What to produce =>
Nothing outside the lines below from the one containing "Broche Victorienne Antique" through the one containing "La broche est" is to be printed; print those exactly, ends included, and drop the pictures.

Given data =>
• • • •

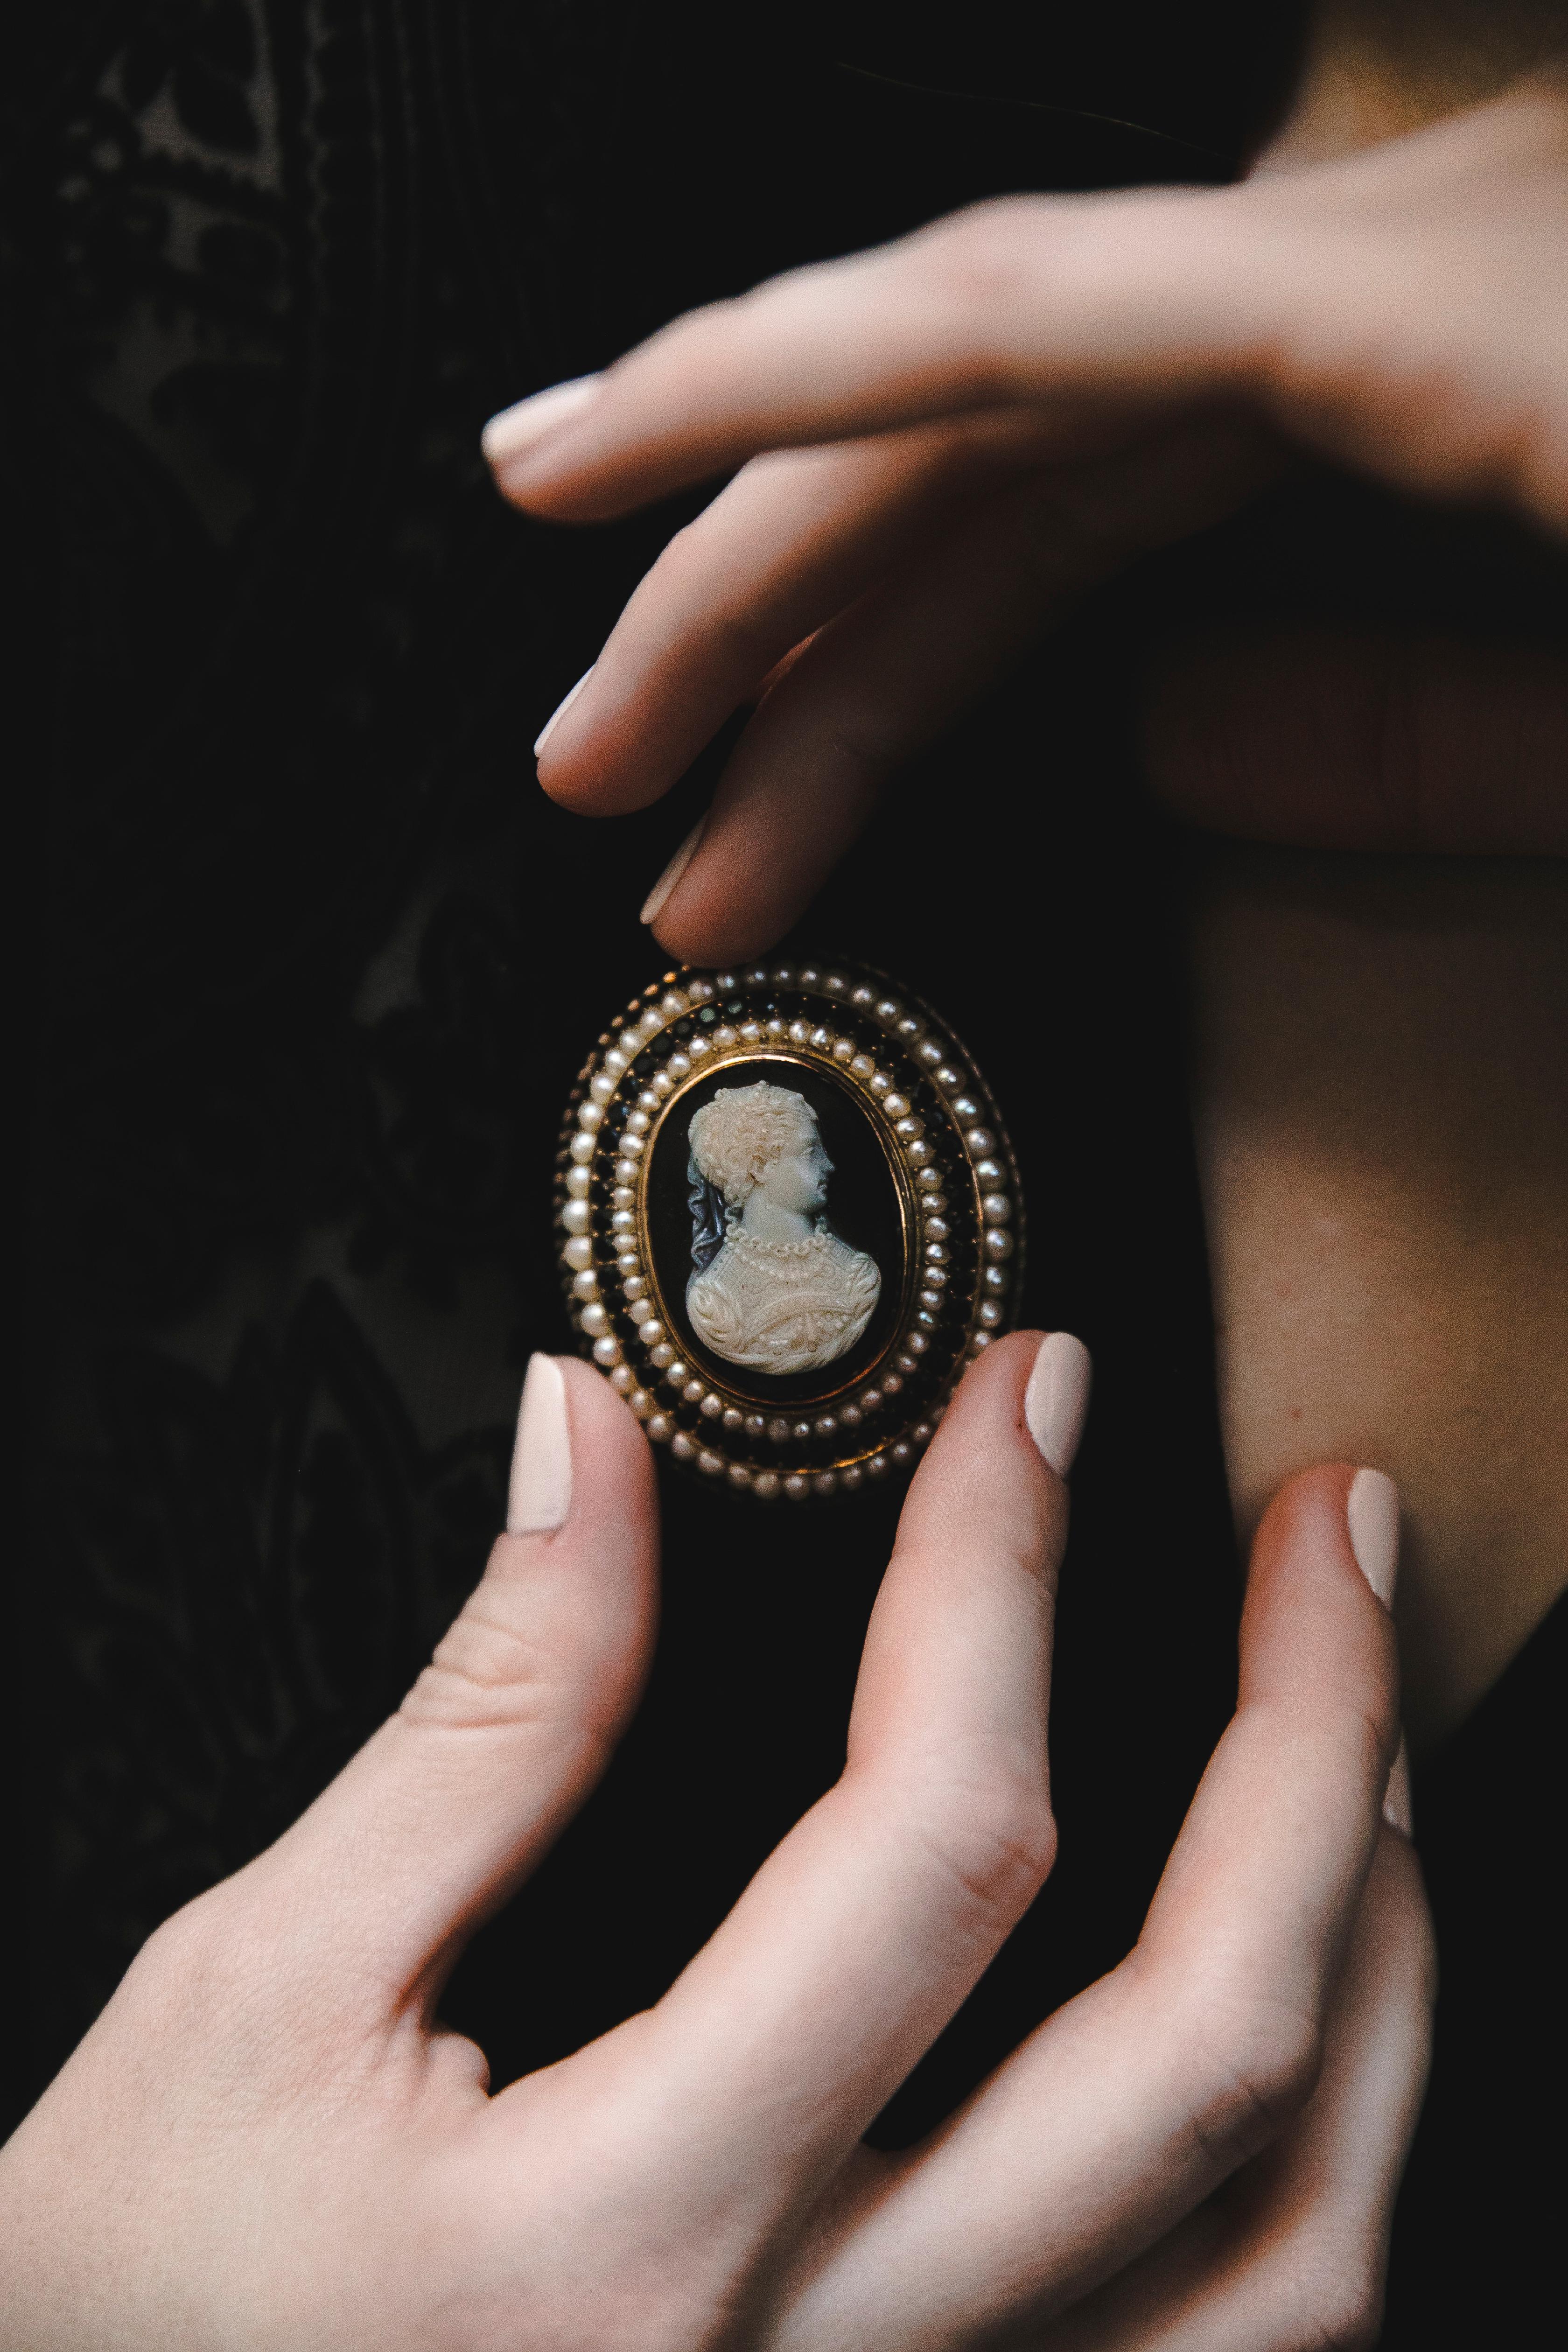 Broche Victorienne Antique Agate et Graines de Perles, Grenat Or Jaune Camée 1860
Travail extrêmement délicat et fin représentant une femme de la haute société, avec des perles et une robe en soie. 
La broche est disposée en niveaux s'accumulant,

• • • •

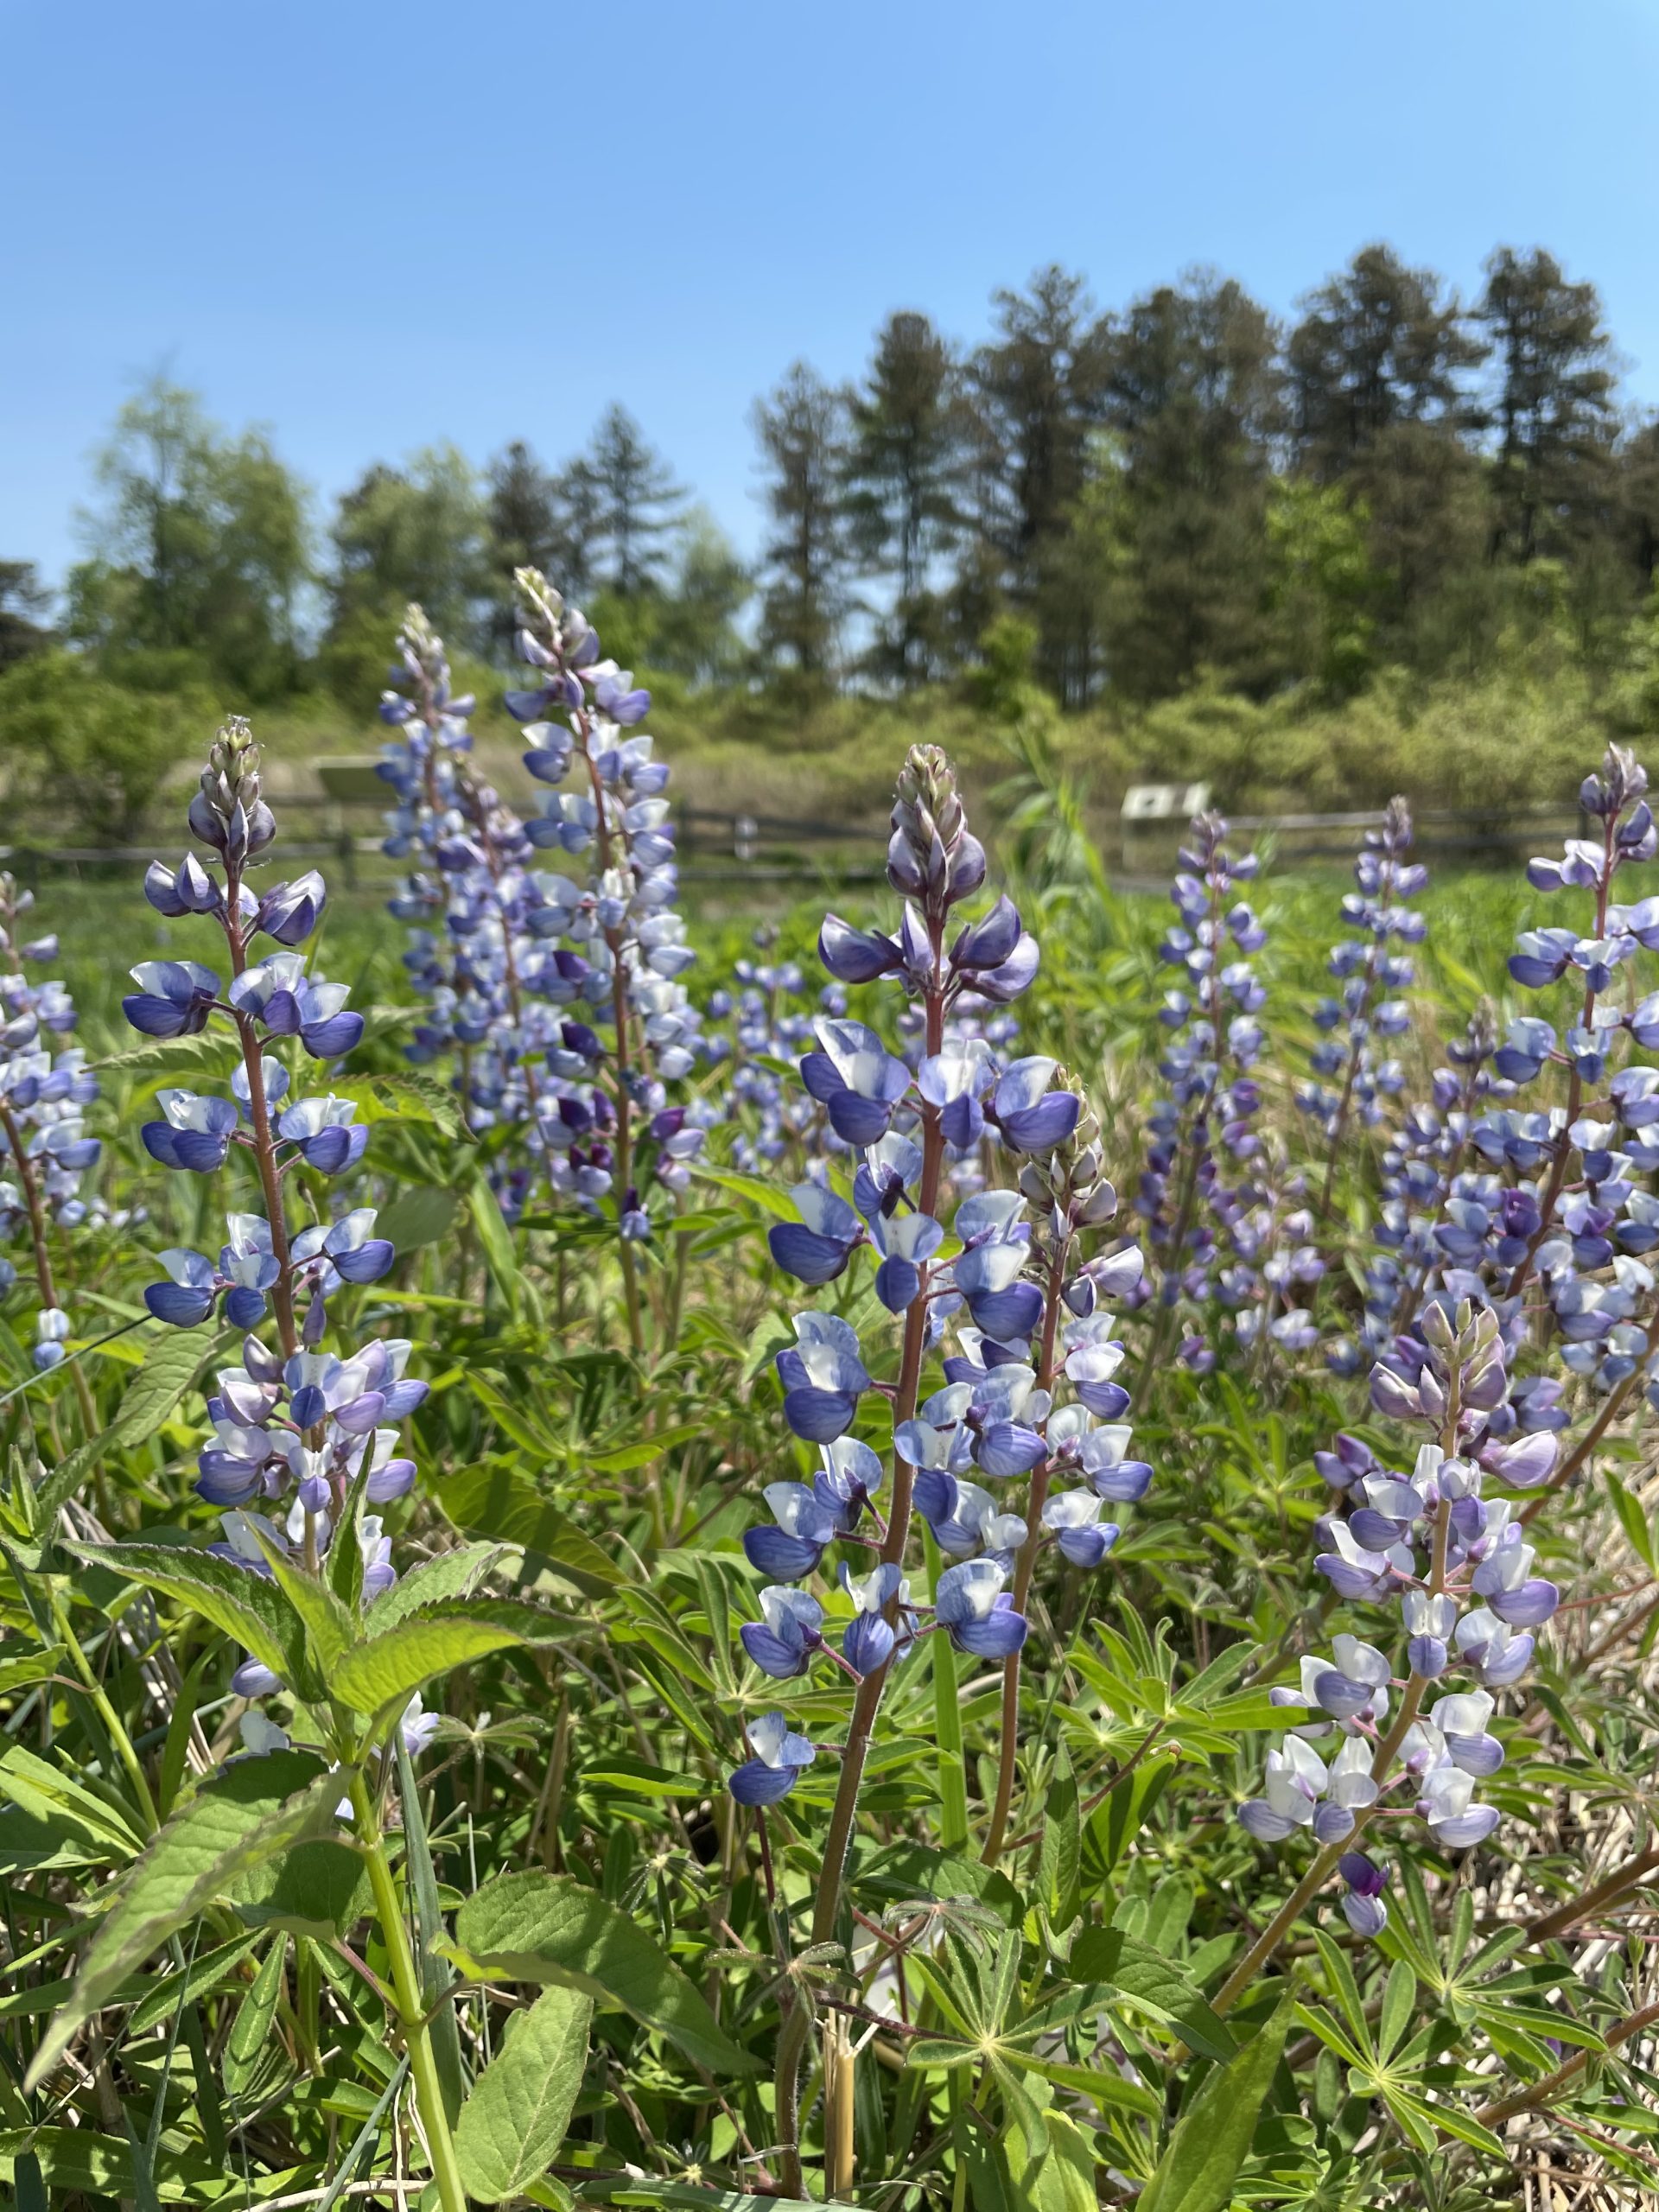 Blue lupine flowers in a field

• • • •

Task result =>
 Broche Victorienne Antique Agate et Graines de Perles, Grenat Or Jaune Camée 1860
Travail extrêmement délicat et fin représentant une femme de la haute société, avec des perles et une robe en soie. 
La broche est disposée en niveaux s'accumulant,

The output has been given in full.